Another useful tool for assessing model classification performance are the lift (gains) chart and decile-wise lift chart (see Chapter 5). Figure 10.3 illustrates the lift chart obtained for the personal loan offer logistic model using the validation set. The “lift” over the base curve indicates for a given number of cases (read on the x-axis), the additional responders that you can identify by using the model. The same information is portrayed in in Figure 10.3: Taking the 10% of the records that are ranked by the model as “most probable 1’s” yields 7.9 times as many 1’s as would simply selecting 10% of the records at random.

#### Figure 10.3

library(gains)
gain <- gains(valid.df$Personal.Loan, logit.reg.pred, groups=10)

# plot lift chart
{  # got to put the curly brackers or it breaks!
  plot(c(0,gain$cume.pct.of.total*sum(valid.df$Personal.Loan))~c(0,gain$cume.obs), 
     xlab="# cases", ylab="Cumulative", main="", type="l")
  lines(c(0,sum(valid.df$Personal.Loan))~c(0, dim(valid.df)[1]), lty=2)
}

10.5 Example of Complete Analysis: Predicting Delayed Flights

Predicting flight delays can be useful to a variety of organizations: airport authorities, airlines, aviation authorities. At times, joint task forces have been formed to address the problem. Such an organization, if it were to provide ongoing real-time assistance with flight delays,would benefit from some advance notice about flights likely to be delayed.

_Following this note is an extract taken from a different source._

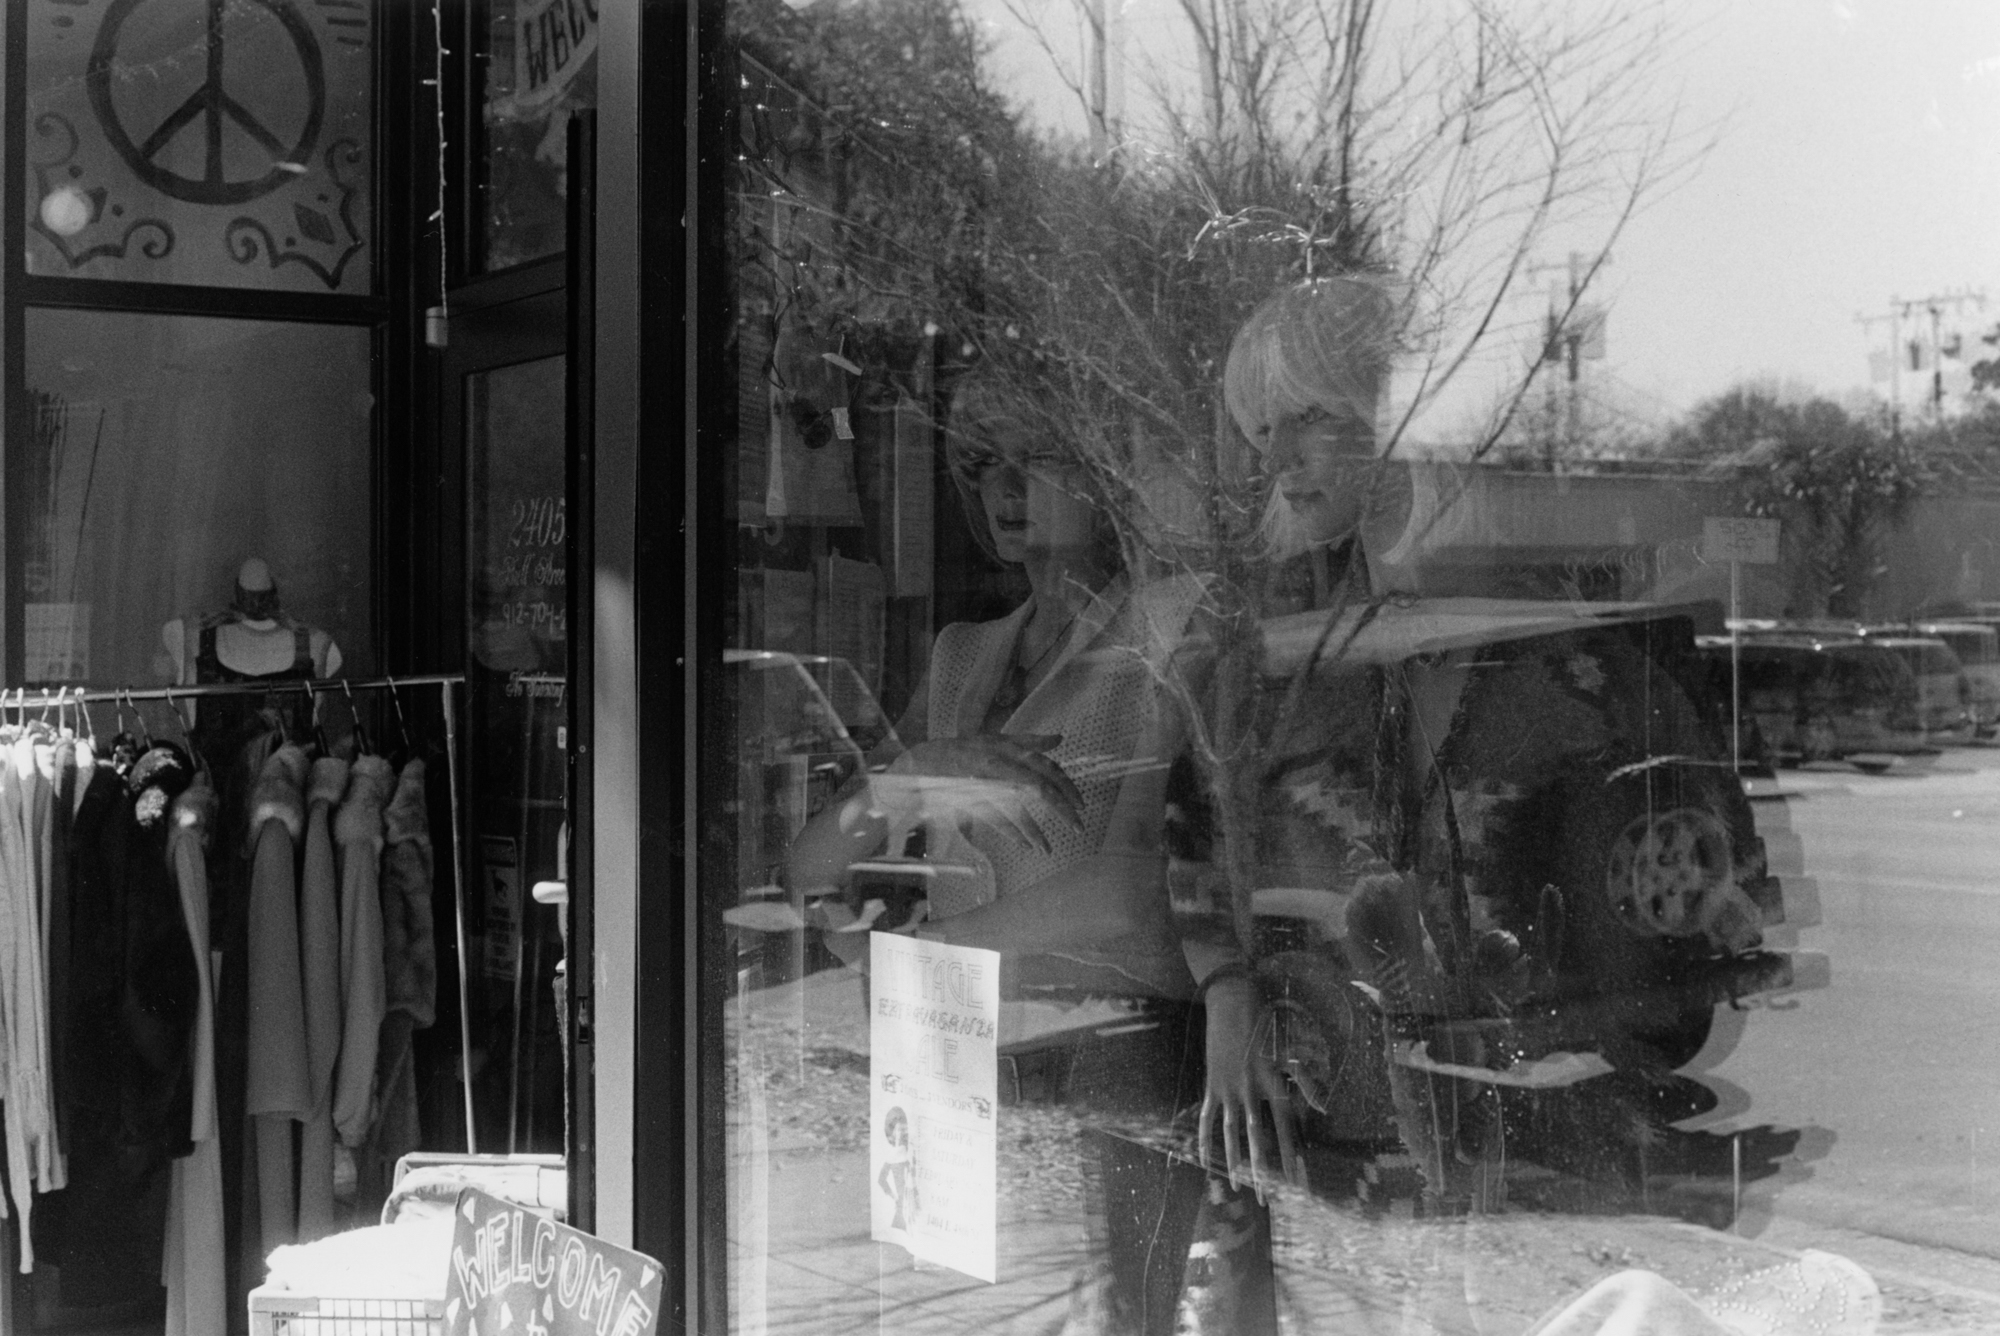 Penelope_Stone-Window_Shopping-5.jpg

In this simplified illustration, we look at six predictors (see Table 10.4). The outcome of interest is whether the flight is delayed or not (delayed means more than 15 minutes late). Our data consist of all flights from the Washington, DC area into the New York City area during January 2004. The percent of delayed flights among these 2201 flights is 19.5%. The data were obtained from the Bureau of Transportation Statistics website (www.transtats.bts.gov).

The goal is to predict accurately whether a new flight, not in this dataset, will be delayed or not. The outcome variable is a variable called Flight Status, coded as delayed or ontime.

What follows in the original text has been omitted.